The three judges are tasked with visiting all the affected zones to see for themselves the environmental damage in the field, in order to make their rulings.

On these field trips, judges and biologists alike wear mountain boots, protective cotton sunhats and machetes at their belts.

As well as inspecting specific cases, the TAA carries out “environmental sweeps,” their term for inspection tours lasting several days, with the purpose of putting a stop to ecological damage in a given territory.

The TAA has already halted 200 real estate projects on the Pacific coast and 40 on the Atlantic coast since the sweeps started in 2008, its president said.

But the “bad guys” do not give up. Only days after Sánchez’s inspection trip, another group of lawyers, experts and judges visited mangrove swamps in Puntarenas, in the Central Pacific region, 80 kilometres east of the provincial capital, to investigate another complaint.

They found a scene of devastation: 25 hectares of mangrove had been reduced to ashes by invaders who were already planting maize and sugarcane.

“They go on and on, and if we let them they would devour the whole zone. They burn down the mangroves and use the land for farming,” forest biologist Alexis Madrigal, the coordinator of TAA’s technical department, told IPS at the scene.

While members of the technical team removed the plastic bags the invaders used to mark their new plots, Chaves and the two lawyers with him considered possible next steps.

The first thing is a precautionary measure to halt the land invasion, followed by a ban on agricultural use of the land or an order to pay an indemnity, or both.
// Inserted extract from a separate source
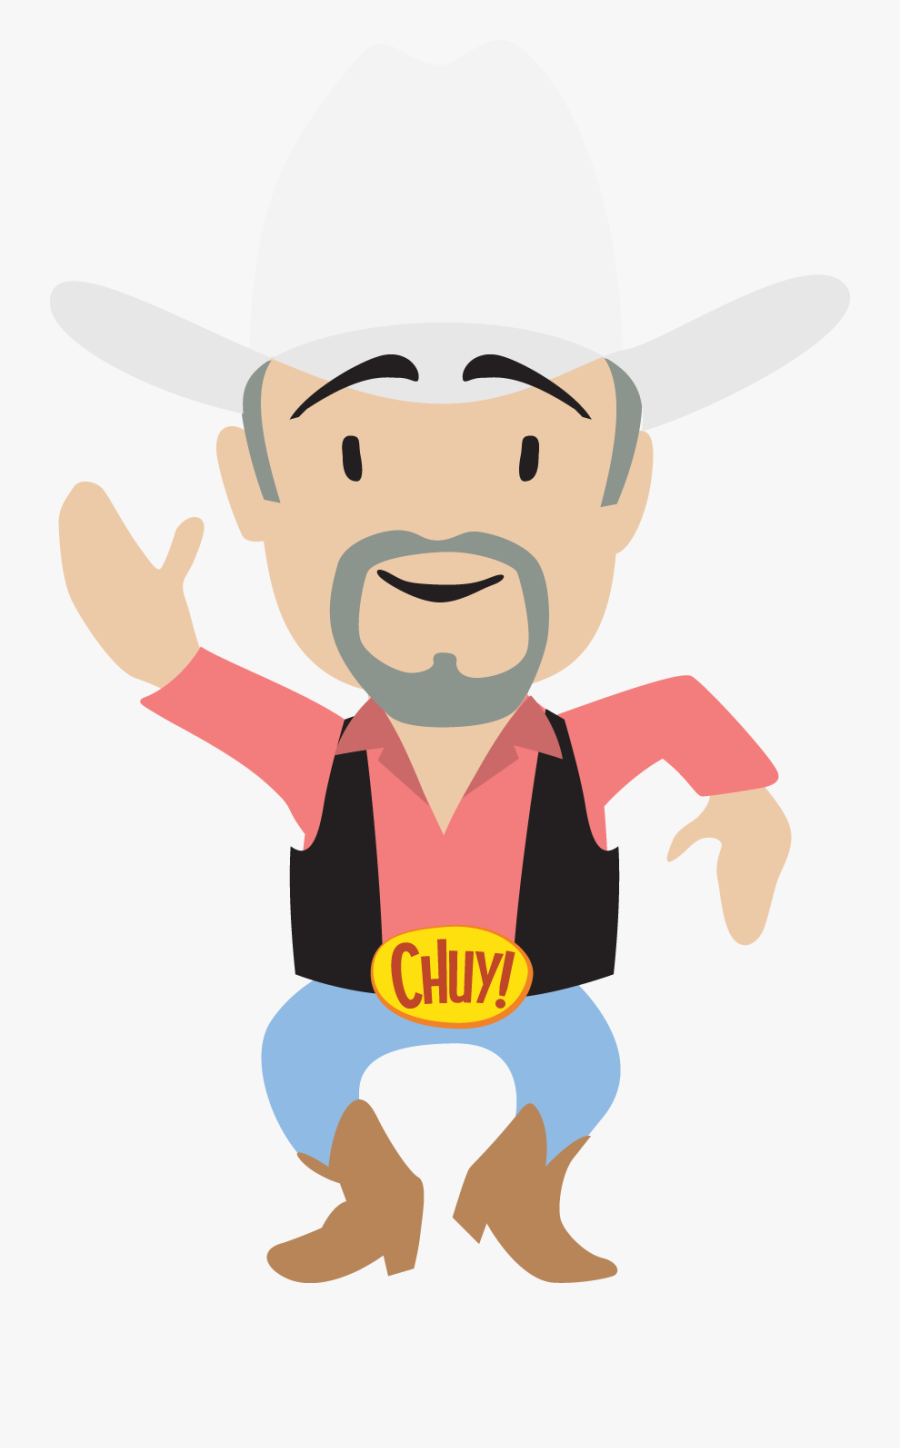 Chuy Salmon Shirt And White Hat - Shirt, Transparent Clipart

The TAA inspired the creation of three environmental courts in Chile, and Chaves shared the Costa Rican experience with the courts’ Chilean promotors.

The two systems are similar in that they both have three judges, one of whom must be a scientist; they have wide independence and are responsible for punishing environmental harm. Peru is making headway with a comparable initiative.

The main challenge faced by the TAA is expanding the number of its technical field staff as well as the lawyers in its San José headquarters, so that members of the legal team are not burdened with the unmanageable load of 600 case files each, as they are now.

It also needs stability. From 2012 to 2014, Chaves was vice minister of Water and Oceans at MINAE. He was able to secure improved budgets for the ATT, but its activities, especially the sweeps, declined.

In July, after a year and a half of less ambitious inspections, the TAA will undertake a tour in which MINAE, institutions like the National Environmental Technical Secretariat, the Water and Sanitation Institute and the security forces will also participate.

They are bound for the north of the country, where expansion of agriculture is threatening biodiversity and water for human consumption. In his San José office, judge Chaves smiles and says: “The environmental sweeps are back.”